The neural network was built and trained in PyTorch and was based on LeNet-5 [24] with some modifications. The network consisted of two convolutional layers, followed by ReLU activation functions and max-pooling layers. Both convolutional layers used a kernel size of 5, a stride of 1, and a padding of 2. The size of the in_channels for the first convolutional layer was one and the size of the out_channels was 16. The in- and out-channels of the second convolutional layer were 16 and 32, respectively. Both max-pooling layers used a kernel size of two and a stride of two. The output from the second convolutional layer was flattened and sent to the final fully connected layer. The fully connected layer had 1,568 inputs and five outputs for five letters.

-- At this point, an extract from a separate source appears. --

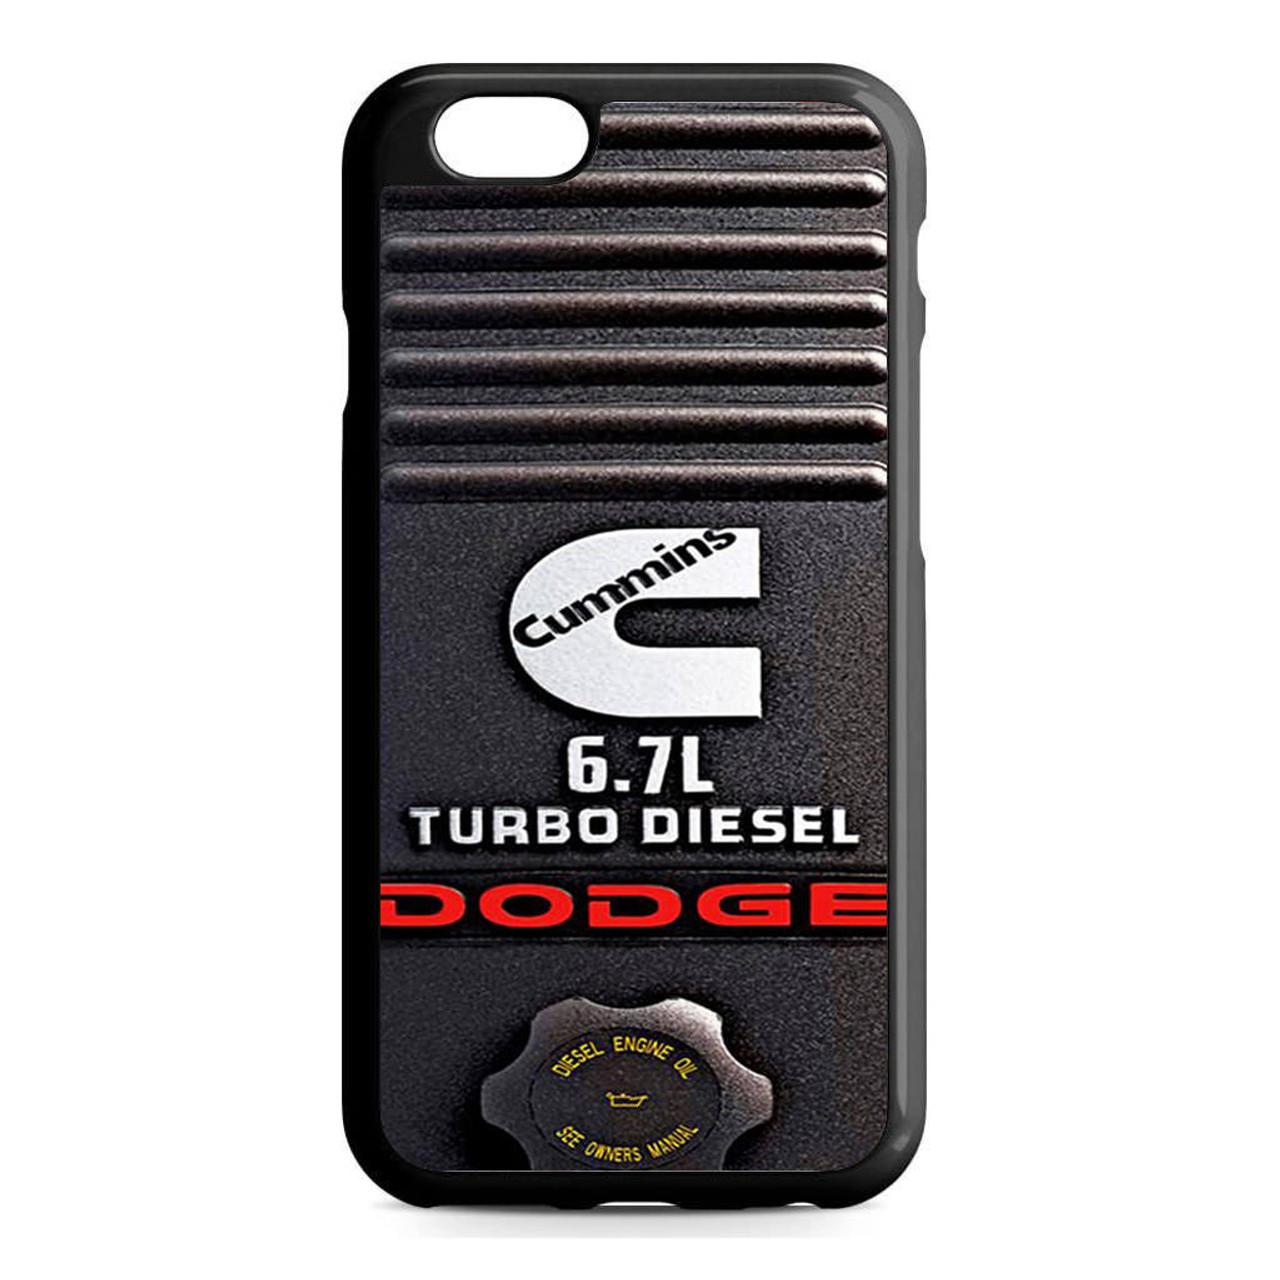 Cummins Turbo Diesel >> Dodge Cummins Turbo Diesel Iphone 6 6s Case Caseshunter

The network model is relatively small, with a total of 21,093 parameters. However, this small model was employed to assess the effectiveness of the data collection and labeling approaches. Fig. 10 provides a summary of the model.

Fig. 10. Model summary for the LeNet-5-based CNN used to train this dataset.

The neural network was trained for 50 epochs with a batch size of 100. A stochastic gradient descent was used with a cross-entropy loss, a learning rate of 0.01, and a momentum of 0.5. After training, the model was evaluated on the test dataset with an overall accuracy of 98.75%. Fig. 11 shows the comprehensive test results for each letter, as well as the overall accuracy of the model’s predictions.

Fig. 11. Comprehensive accuracy measurements for each letter in the test dataset as well as the overall accuracy of the model’s predictions.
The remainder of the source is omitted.